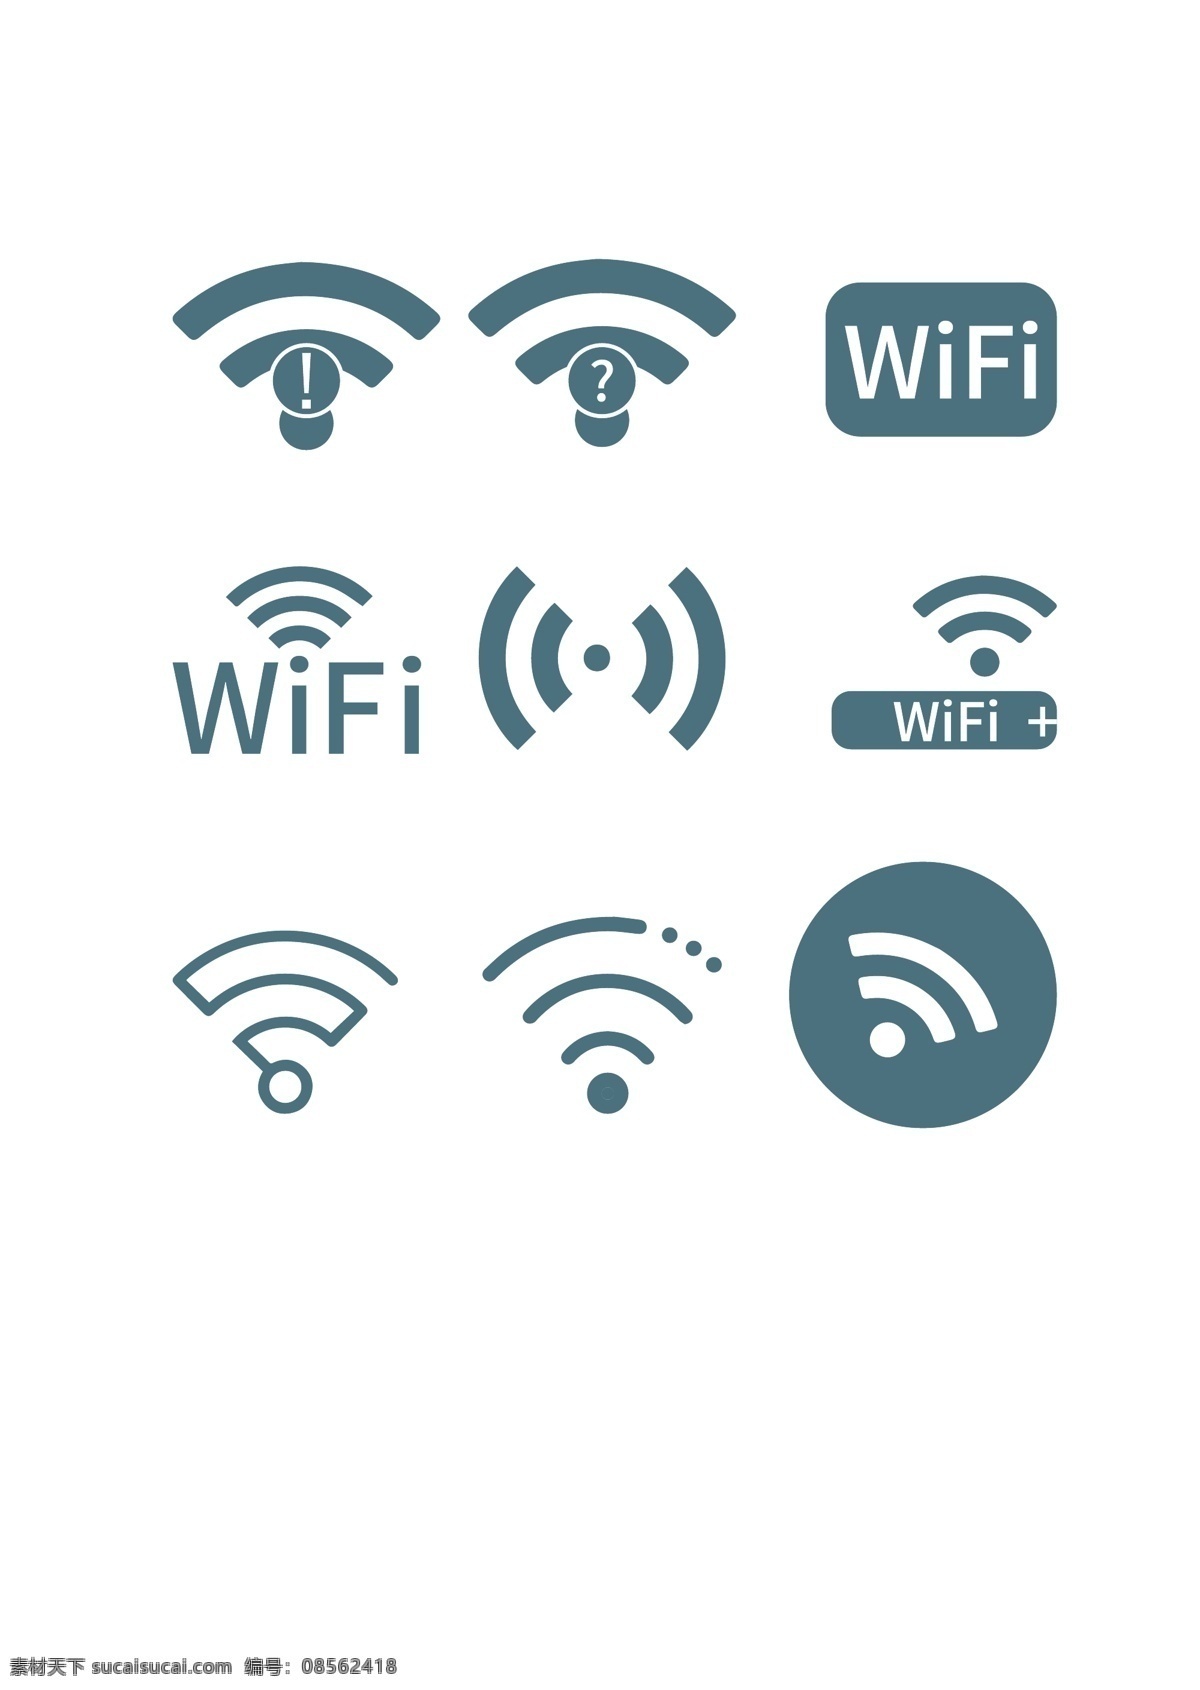 vi 导 视 系统 wifi 标识 导视 标志图标 公共标识标志
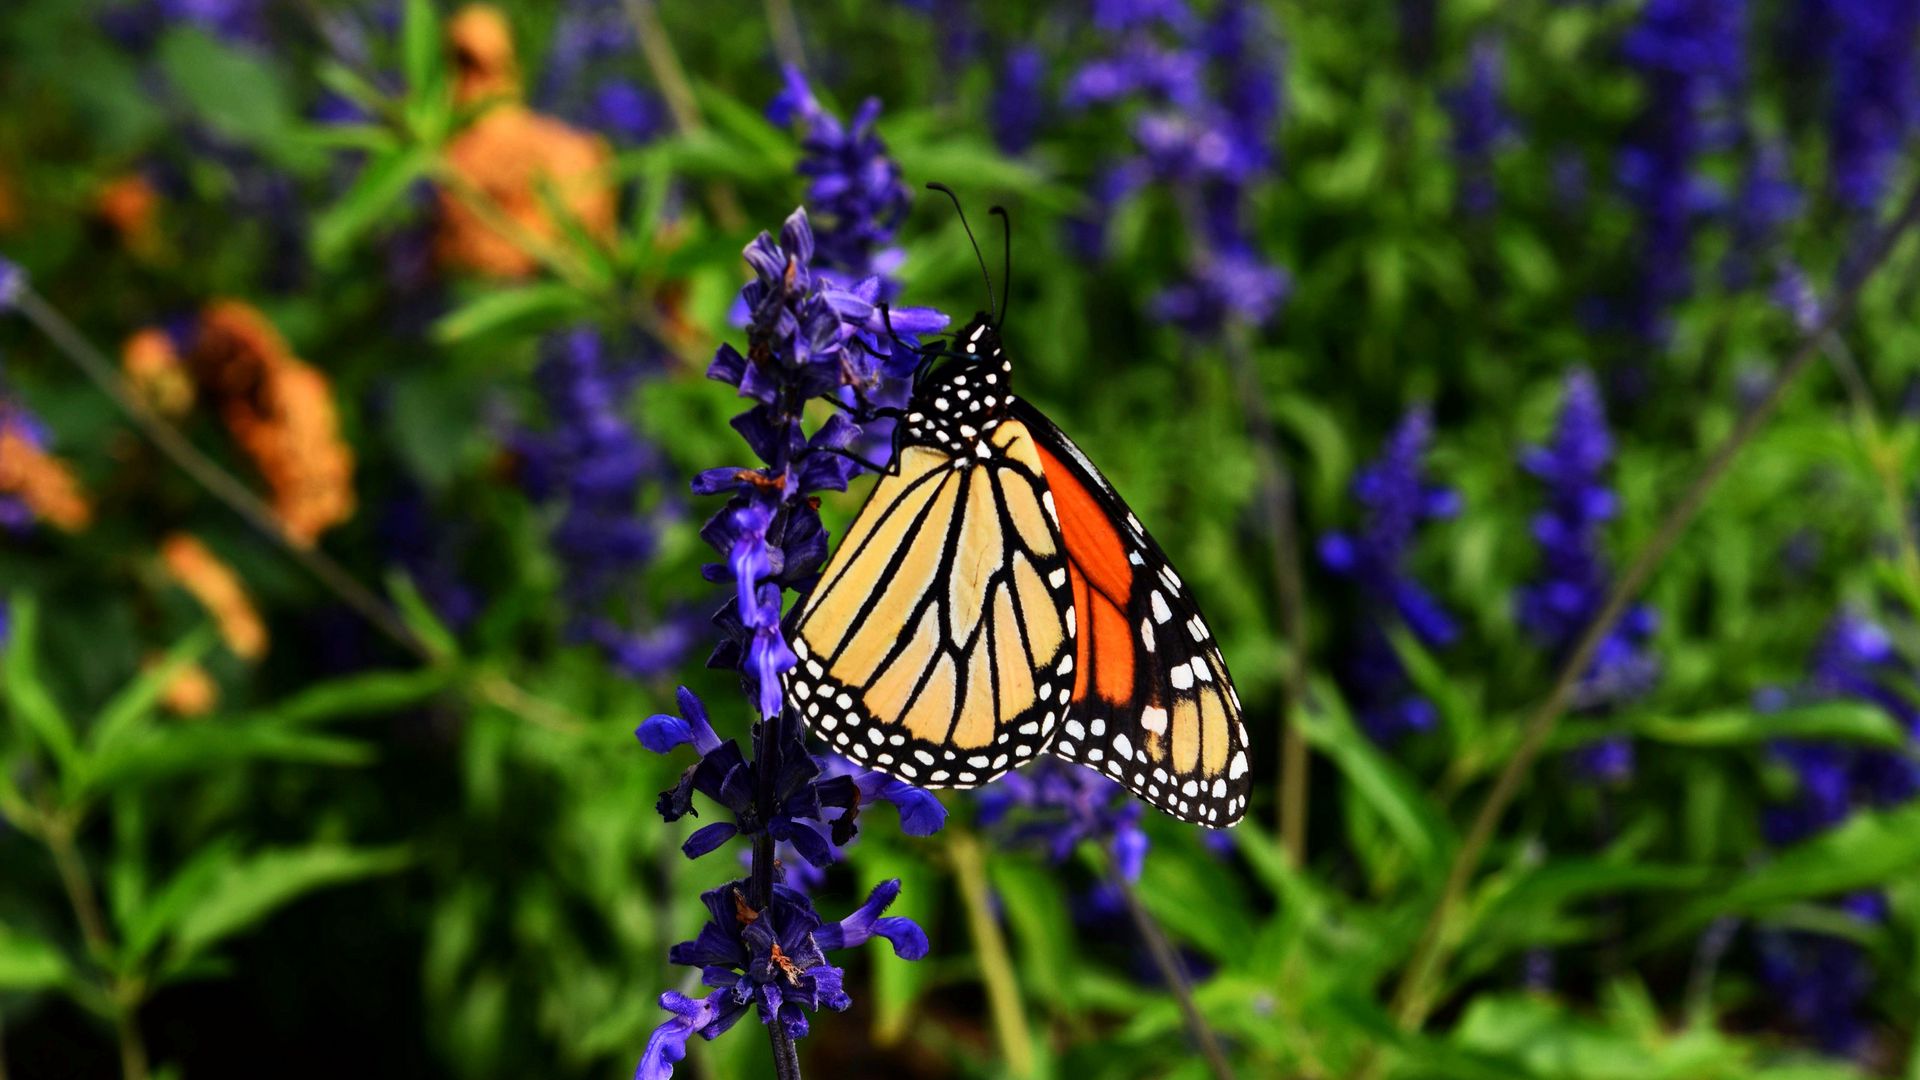 Download wallpaper 1920x1080 monarch butterfly, butterfly, pattern, wings,  flower full hd, hdtv, fhd, 1080p hd background
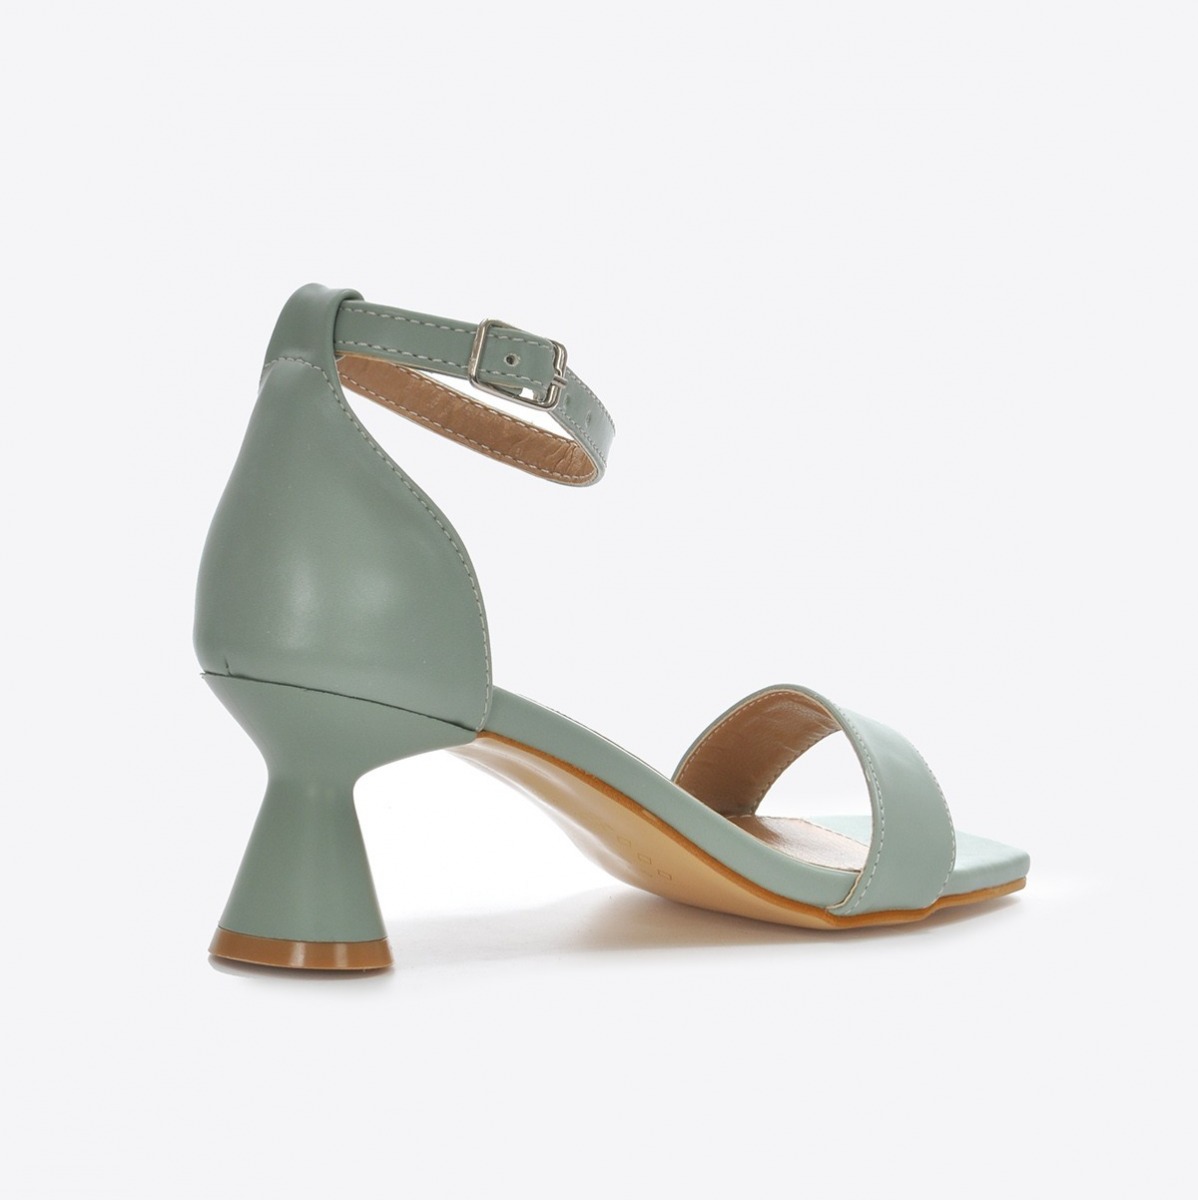 Flo Kadın  Su Yeşili Klasik Topuklu Ayakkabı VZN21-032Y. 5
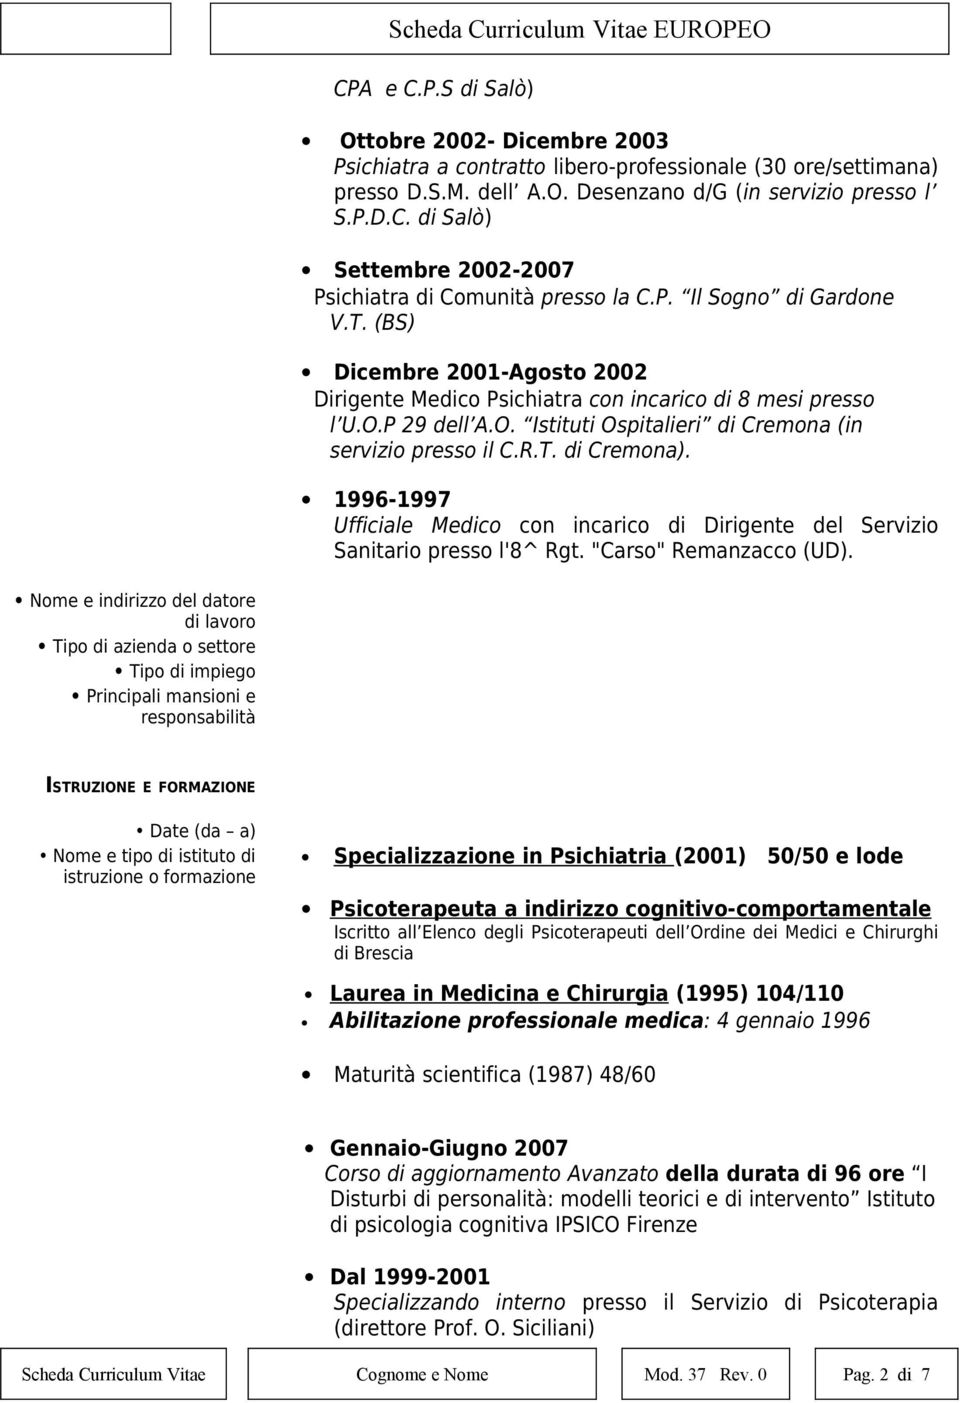 1996-1997 Ufficiale Medico con incarico di Dirigente del Servizio Sanitario presso l'8^ Rgt. "Carso" Remanzacco (UD).
====================
— What to produce —
Your copy should hold only the lines running from the one that contains "Download wallpaper 1920x1080" through the final line of the data; transcribe them exactly, both ends included, and leave pictures out.

— Answer to the problem —
 Download wallpaper 1920x1080 monarch butterfly, butterfly, pattern, wings,  flower full hd, hdtv, fhd, 1080p hd background
 Flo Kadın  Su Yeşili Klasik Topuklu Ayakkabı VZN21-032Y. 5
 1996-1997 Ufficiale Medico con incarico di Dirigente del Servizio Sanitario presso l'8^ Rgt. "Carso" Remanzacco (UD).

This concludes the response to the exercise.